Tuesday 4th November and we make a quick drive down the road to the ferry. Here we catch a boat to Isla Ometepe. A very small island which is one of the only places not to have been infiltrated by the Spanish when they invaded. So in this respect we are experiencing true Nicaraguan people and their culture. Island life is so different to mainland life in that there are more afro-caribbeans on the island so very quickly the people change, they look different and speak more English than Spanish.

We are here as some people are going to make a volcano hike. I decide I want to do something less strenuous seeing as I have just done two volcanos and Andrew, Kevin and I go exploring. He has heard about a natural fresh water spring somewhere in the jungle which is supposed to be stunning. In Spanish these are called Ojo Agua (water eye). We stride off in the 90 degree heat along a bumpy track. The locals on their tractors and mules find it more odd to see three white people in sarong and shorts walking along their road than we do about seeing them and we get lots of inquisitive stares. Besides there is nowhere to go and nothing to see having got a taxi to the other side of the island so they must have been wondering where we were going.

After about 2 miles we find the Ojo Agua sign and march off into a banana plantation (my first one I have walked through). It is like being in a miniature forest as the banana trees are not that tall but their oversized leafs (about half the size of me) create a canopy that surrounds us although it feels cool underneath there and is very light and green. Bananas hang from the trees and I realise that I always thought bananas hung down as they grew but they donīt, they grow upwards. Isnīt that strange?

Finally, after about another mile we come to some dark green trees where it suddenly getīs cooler and the light is dappled and there before us is a huge natural pool, crystal clear and looking like glass. We walk over a rickety wooden bridge and gaze down at the clearness of the water, the bottom visible, a greyish sand but nothing else. No rocks, no leaves, no fish, no nothing. Just a clear empty pool.
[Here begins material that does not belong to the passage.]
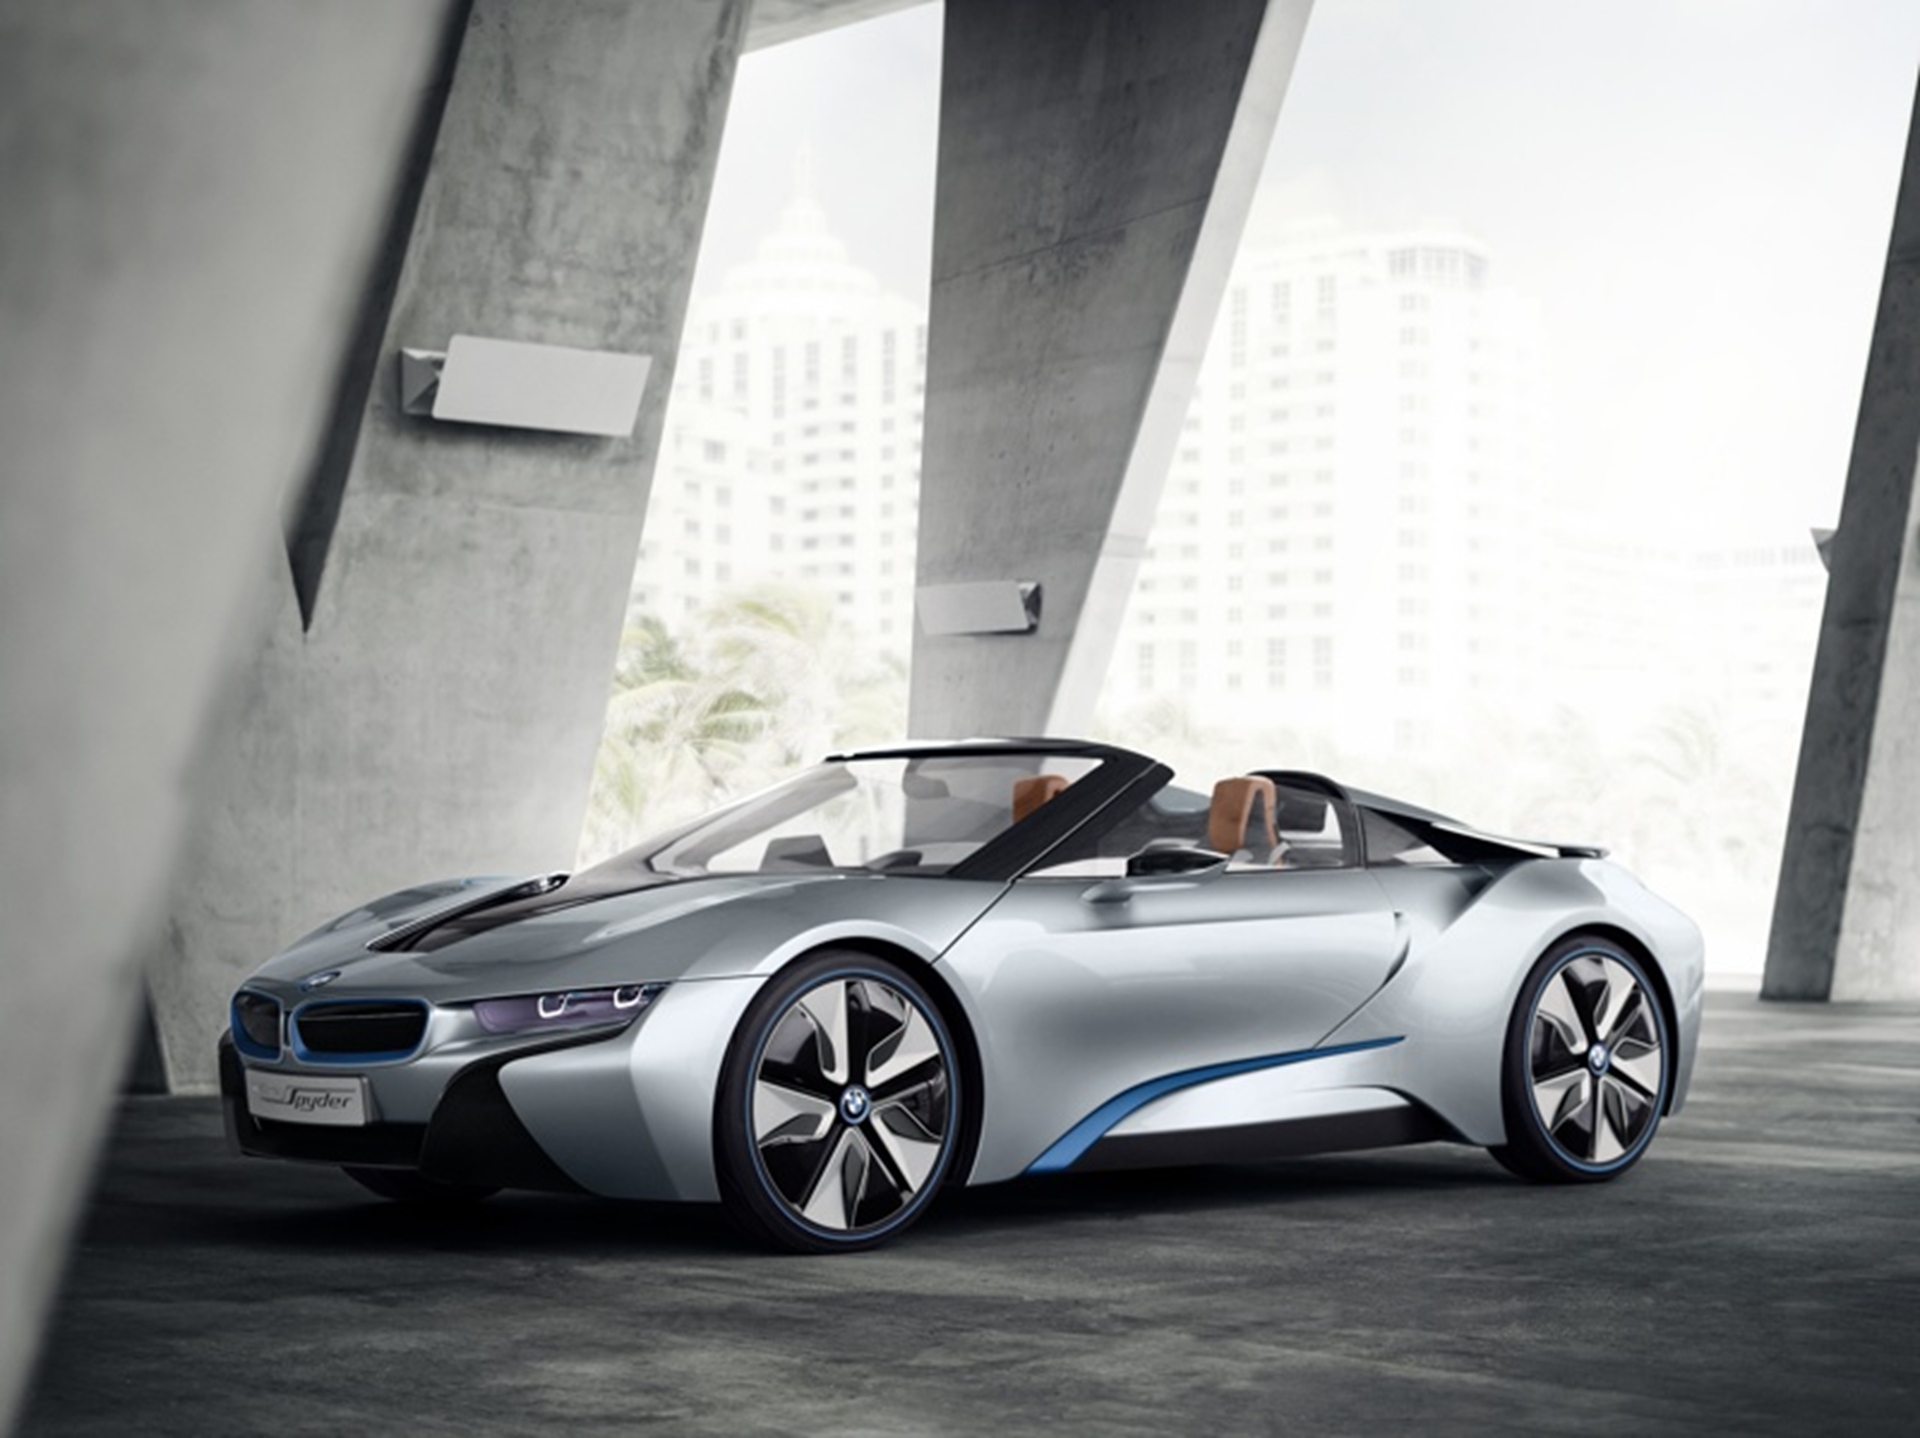 The BMW i concept – Spyder

We climb down into the water and let out the biggest ahhs as our over heated bodies feel the coolness of the spring. It feels cool, clean, fresh and well just perfect. We stayed in the water for ages and chatted, lay on our backs. Talk about a natural health farm.

Finally time to go as we were getting peckish so we pay the man a dollar each and set off back into the plantation with relaxed hearts and minds and contented smiles on our faces. But it is the kind of place you donīt really want anyone else to know about. We wanted to remain selfish about it as we had the place to ourselves and it was another little piece of paradise.

We spent the rest of the day sitting by the edge of the water (still on Lake Nicaragua - thatīs odd, it felt like the ocean but was a fresh water lake with lapping waves) drinking cold white wine and playing cards. The odd bit of fish soup served up or some deep fried cheese with salsa piquante...

We have a rude awakening the next day when we have to rise at 5am to catch a taxi across to the other side of the island to the ferry. Back to the mainland and then a drive into Costa Rica.